# How do you use your iPad?



## JohnG (Apr 2, 2015)

Hi all,

I have an iPad but I don't use it. What are you all using your iPad for in the studio? I see a lot of people using it for...something. Hoping for suggestions.

I use Digital Performer on a Mac as my main daw, and I have a little Akai keyboard already for keyswitches, so that's covered.

Thanks!


----------



## pkm (Apr 2, 2015)

TouchOSC for key switches and the more obscure key commands.


----------



## Gerhard Westphalen (Apr 2, 2015)

I use a touchscreen mostly for different midi editing commands. I tried using is for midi CC's but prefer using my BCF2000 faders. You can google HZ's touchscreen to get an idea of the sorts of commands he has on his touchscreen.


----------



## Saxer (Apr 2, 2015)

at the moment it's controlling ableton live for a live-chillout-project using the touchable app.


----------



## lachrimae (Apr 2, 2015)

I found that I don't like having to switch templates within Lemur/TouchOSC etc, so I tend to have the following apps open (switching as needed):
- Music streaming service of some kind (I stream from iPad instead of on my DAW pc) which goes through my fireface UFX and room EQ software so I hear the "corrected" room eq with all music that I listen to.
- Lemur: Dedicated to Binder, a Reaper controller template
- TouchOSC: Dedicated to TotalMix FX controller for my RME UFX
- iStroboSoft: Good tuner for various acoustic instruments
- Touchable: For the somewhat rare occasion that I use Ableton Live
- Cubase IC Pro DAW controller (I switch between Reaper & Cubase but generally prefer Reaper)

I also use:
- SPLnFFT to measure loudness levels when setting up my room (85dB from monitors, etc)

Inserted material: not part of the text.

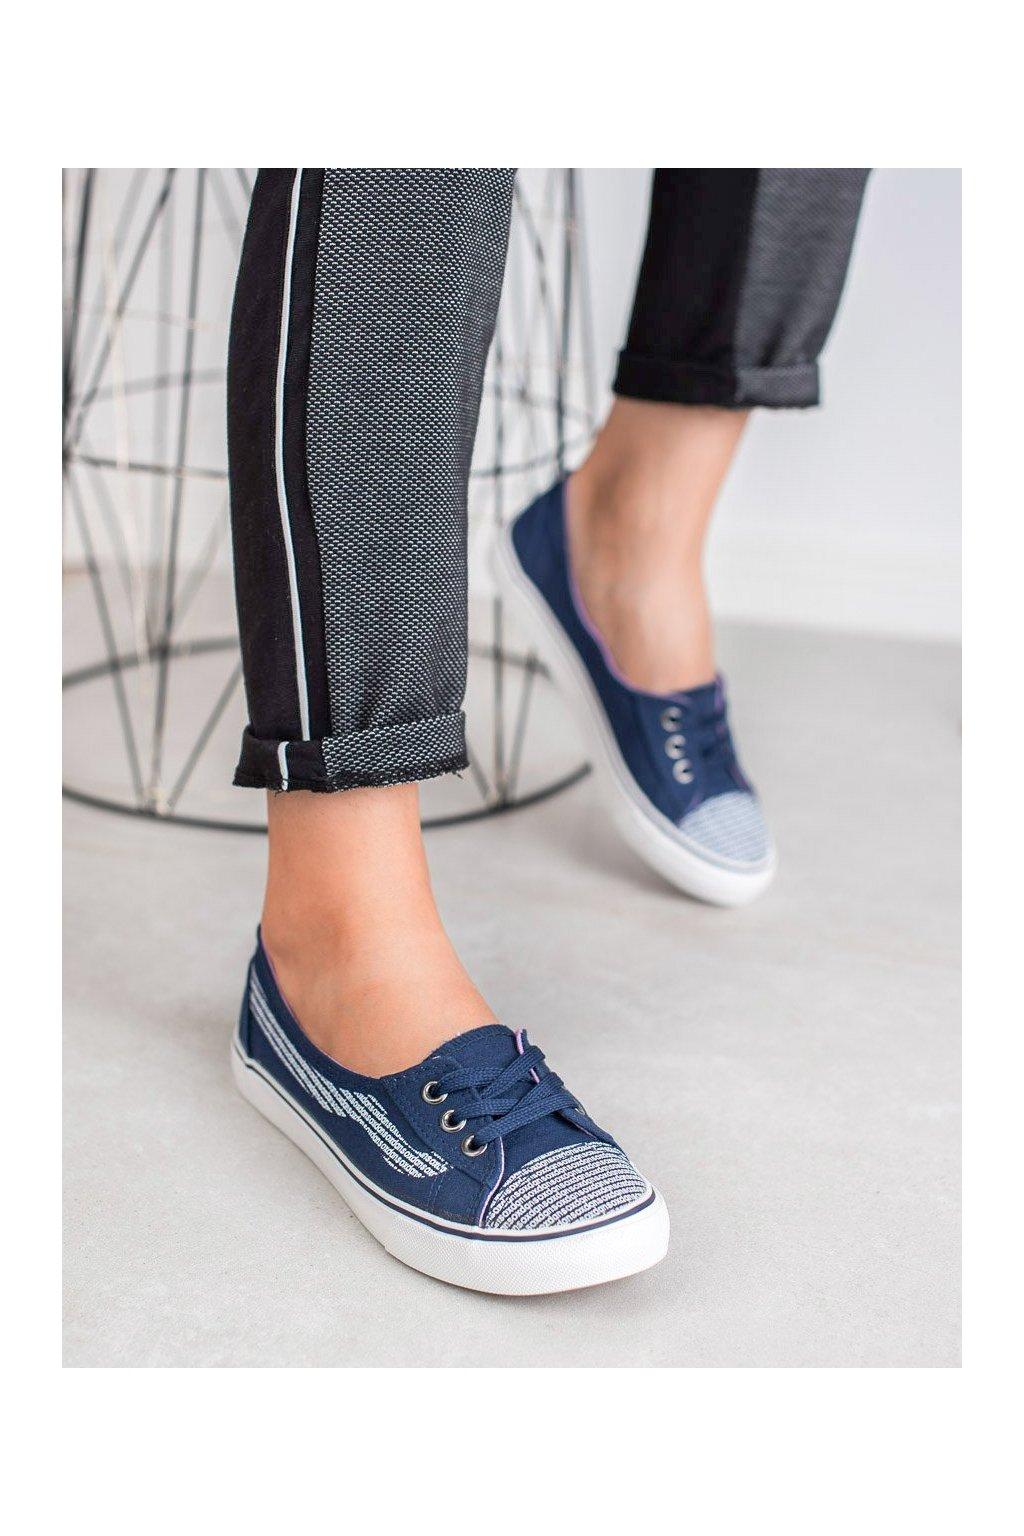 Modré topánky J. star kod S18-F-LD8A09D.BL

In reality, it's mostly used for music streaming.. I've tried to get used to relying on iPad as a control surface but it's just faster for me to use mouse/kbd, in addition to a Midi CC controller (Ableton Push & Korg NanoKontrol)


----------



## NYC Composer (Apr 2, 2015)

I remotely record my vocals and acoustic guitars in a booth 20 feet from my control room using DAW Remote, and sometimes use DR as a tansport while I sit on the couch in the control room. I write and print out lyrics using Pages, and use Rhymezone when I'm stuck for rhymes. I tune my guitars via Cleartune. I sometimes use my iPad as a Facetime camera as there is no sightline to my remote booth.

Then there's the porn.


----------



## Stephen Rees (Apr 2, 2015)

I play Carcassonne during work breaks.

Or more accurately I work during Carcassonne breaks.


----------



## synthpunk (Apr 2, 2015)

If you limit it to a few things it does well I think it's a very good tool.

Apple Logic Remote
Lemur (slowly but surely)
Animoog
Omnisphere TR
Korg Gadget
Borderlands


----------



## holywilly (Apr 2, 2015)

I use MIDI Touch app for CC fader, very responsive and productive.


----------



## Andrew Goodwin (Apr 2, 2015)

I use it to trigger macros. I hate having to remember ohh that's Shift +option +left click+stand on your head. 1 key press or button press and I'm happy!


----------



## Andrew Goodwin (Apr 2, 2015)

It's handy for things like this:
https://www.youtube.com/watch?v=ipQPqixR5lA


----------



## ulrik (Apr 2, 2015)

I use it for controlling almost all my sample libraries in Kontakt via Lemur, and for all my sheet music when playing the piano, and Carcassonne of course


----------



## Nick Batzdorf (Apr 2, 2015)

Blowfinger!

(Breath and wind controller app, which also has useful functions like keyswitching and drum pads. Why would I be mentioning that here? Do I have no shame?)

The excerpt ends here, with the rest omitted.